Ovine herpesvirus 2 glycoprotein B complementation restores infectivity of a bovine herpesvirus 4 gB-null mutant

Authors: MORE', DANIELA - Washington State University; Baker, Katherine; SHRINGI, SMRITI - Washington State University; Bastos, Reginaldo; O'TOOLE, DONAL - University Of Wyoming; DONOFRIO, GAETANO - University Of Parma; Cunha, Cristina

Submitted to: Pathogens
Publication Type: Peer Reviewed Journal
Publication Acceptance Date: 2/26/2024
Publication Date: 3/1/2024
Citation: More', D.D., Baker, K.N., Shringi, S., Bastos, R.G., O'Toole, D., Donofrio, G., Cunha, C.W. 2024. Ovine herpesvirus 2 glycoprotein B complementation restores infectivity of a bovine herpesvirus 4 gB-null mutant. Pathogens. 13(3):219. https://doi.org/10.3390/pathogens13030219.
DOI: https://doi.org/10.3390/pathogens13030219

Interpretive Summary: Ovine herpesvirus 2 (OvHV-2) and bovine herpesvirus 4 (BoHV-4) are related viruses that use their respective glycoprotein B (gB) as part of the mechanisms to invade host cells. While OvHV-2 is the causative agent of sheep-associated malignant catarrhal fever (SA-MCF), a fatal disease of ungulates, BoHV-4 can infect a variety of ruminants with limited pathogenicity. In this study, we replaced the BoHV-4 gB by the OvHV-2 version of the gene with the goal of producing a chimeric virus, named BoHV-4 /OvHV-2-gB. We demonstrated that the chimeric virus was viable and able to infect cells in culture. This result prompted us to evaluate BoHV-4/OvHV-2-gB as a vaccine against SA-MCF in rabbits, a very well-established animal model for the disease. Data showed that BoHV-4 /OvHV-2-gB-vaccinated rabbits developed robust humoral response against OvHV-2-gB, including neutralizing antibodies. Upon challenge with wild type OvHV-2, we observed that only 28.5% of vaccinated animals were protected. This study is part of a continuous effort of our research team to develop a vaccine to SA-MCF. Although the immune responses induced by the vaccine candidate tested here are encouraging, vaccine efficacy was low, indicating more efficient strategies to express OvHV-2 proteins is necessary to develop an effective vaccine to control SA-MCF.
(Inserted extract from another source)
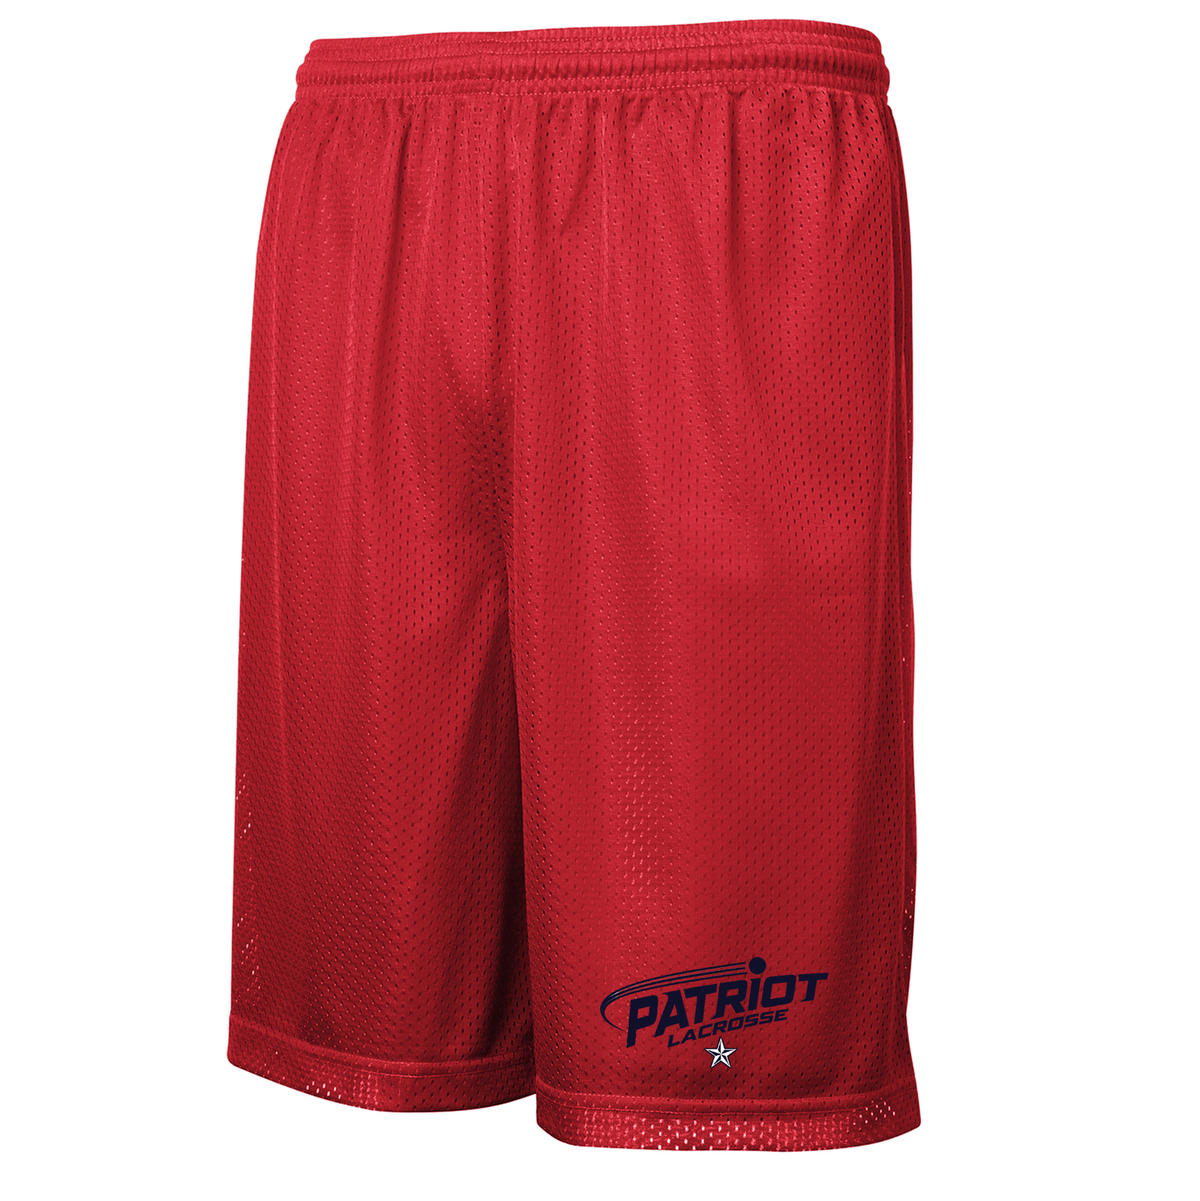 Patriot Lacrosse Classic Mesh Shorts

Technical Abstract: Ovine herpesvirus 2 (OvHV-2) and bovine herpesvirus 4 (BoHV-4) are gamma herpesviruses that belong to the genera Macavirus and Rhadinovirus, respectively. As with all herpesviruses, both OvHV-2 and BoHV-4 express glycoprotein B (gB), which plays an essential role in the infection of host cells. In that context, it has been demonstrated that a BoHV-4 gB-null mutant is unable to infect host cells. In this study, we used homologous recombination to insert OvHV-2 ORF 8, encoding gB, into the BoHV-4 gB-null mutant genome, creating a chimeric BoHV-4 virus carrying and expressing OvHV-2 gB (BoHV-4'gB/OvHV-2-gB) that was infectious and able to replicate in vitro. We then evaluated BoHV-4'gB/OvHV-2-gB as a potential vaccine candidate for sheep-associated malignant catarrhal fever (SA-MCF), a fatal disease of ungulates caused by OvHV-2. Using rabbits as a laboratory model for MCF, we assessed the safety, immunogenicity, and efficacy of BoHV-4'gB/OvHV-2-gB in an immunization/challenge trial. The results showed that while BoHV-4'gB/OvHV-2-gB was safe and induced OvHV-2 gB-specific humoral immune responses, immunization conferred only 28.5% protection upon challenge with OvHV-2. Therefore, future studies should focus on alternative strategies to express OvHV-2 proteins to develop an effective vaccine against SA-MCF.